• [Exercise instructions]:
Scan the listing below and copy each line holding the word "mohhinteriors".

• [Input]:
--------------------
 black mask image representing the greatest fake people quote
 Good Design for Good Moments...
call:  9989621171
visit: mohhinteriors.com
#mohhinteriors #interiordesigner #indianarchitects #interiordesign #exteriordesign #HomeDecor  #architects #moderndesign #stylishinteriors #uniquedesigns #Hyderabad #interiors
--------------------
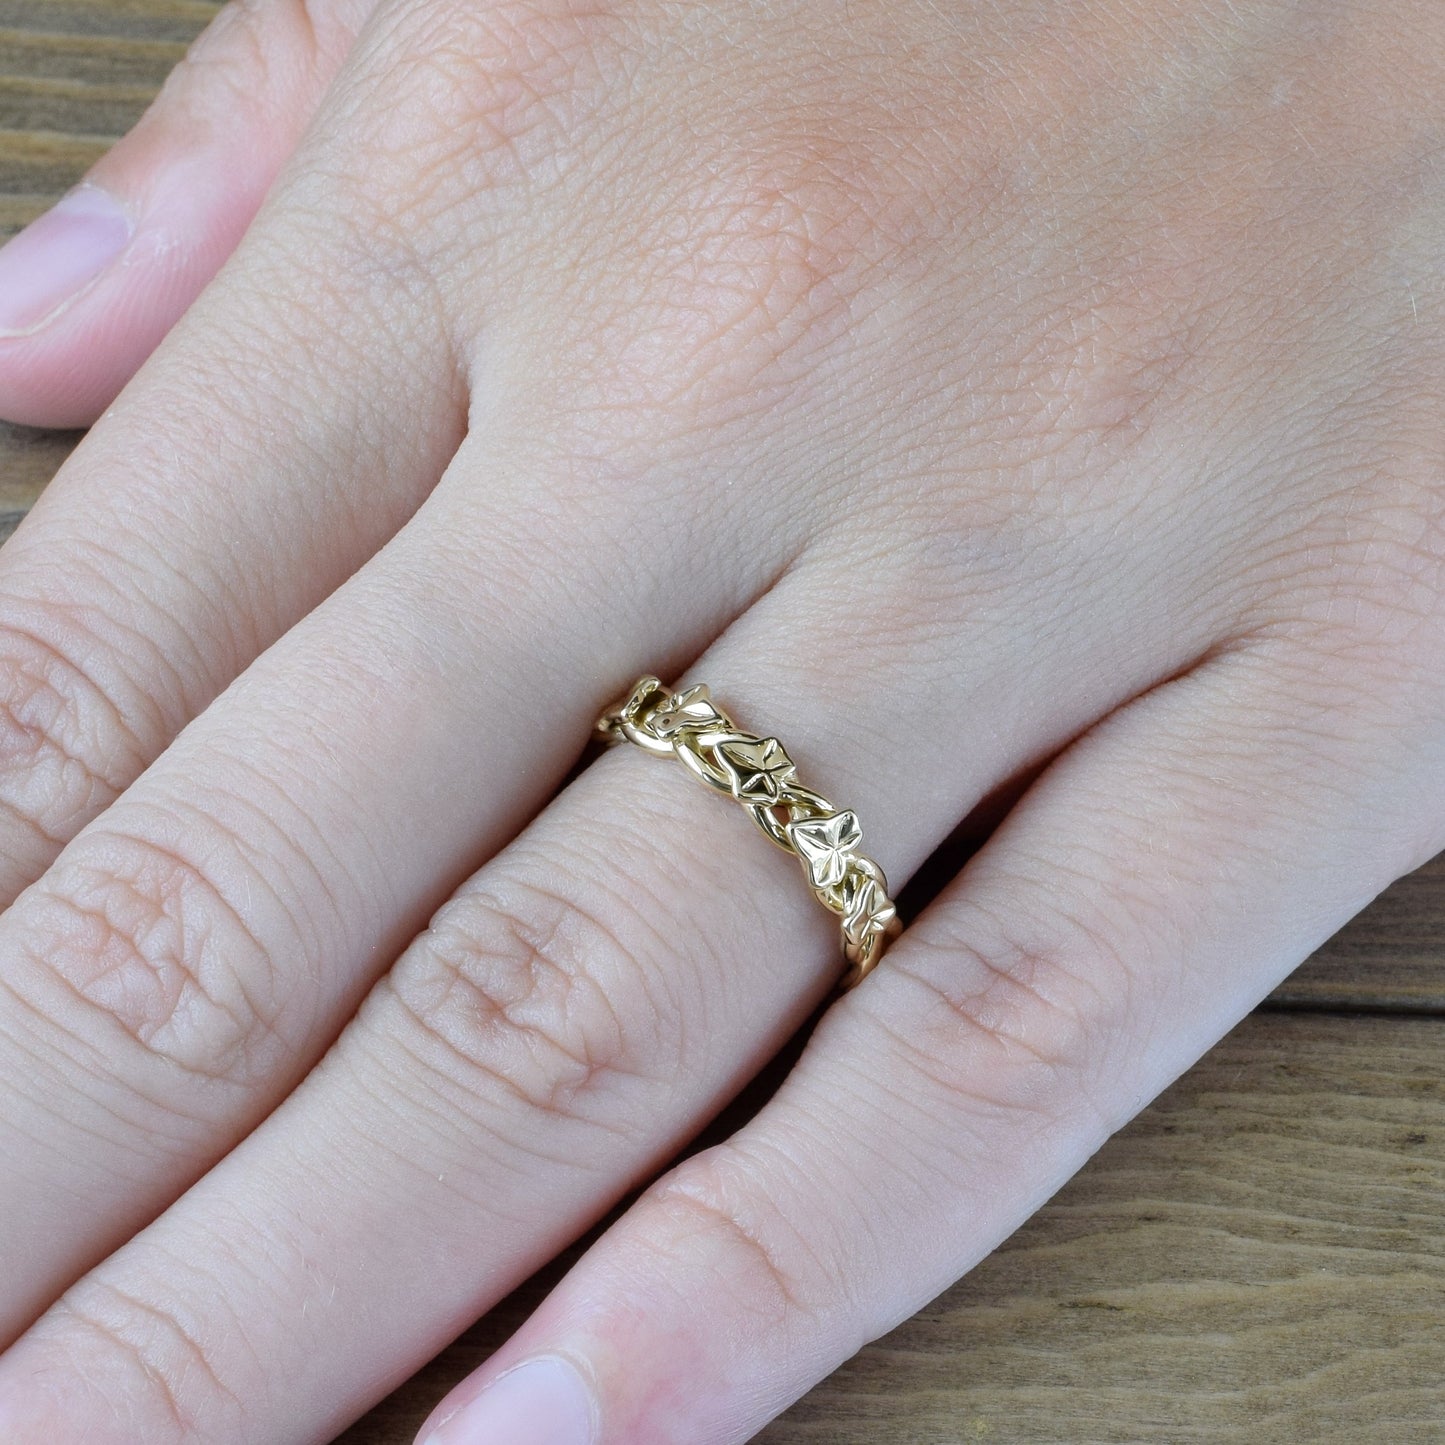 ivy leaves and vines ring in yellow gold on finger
--------------------
• [Answer to this exercise]:
visit: mohhinteriors.com
#mohhinteriors #interiordesigner #indianarchitects #interiordesign #exteriordesign #HomeDecor  #architects #moderndesign #stylishinteriors #uniquedesigns #Hyderabad #interiors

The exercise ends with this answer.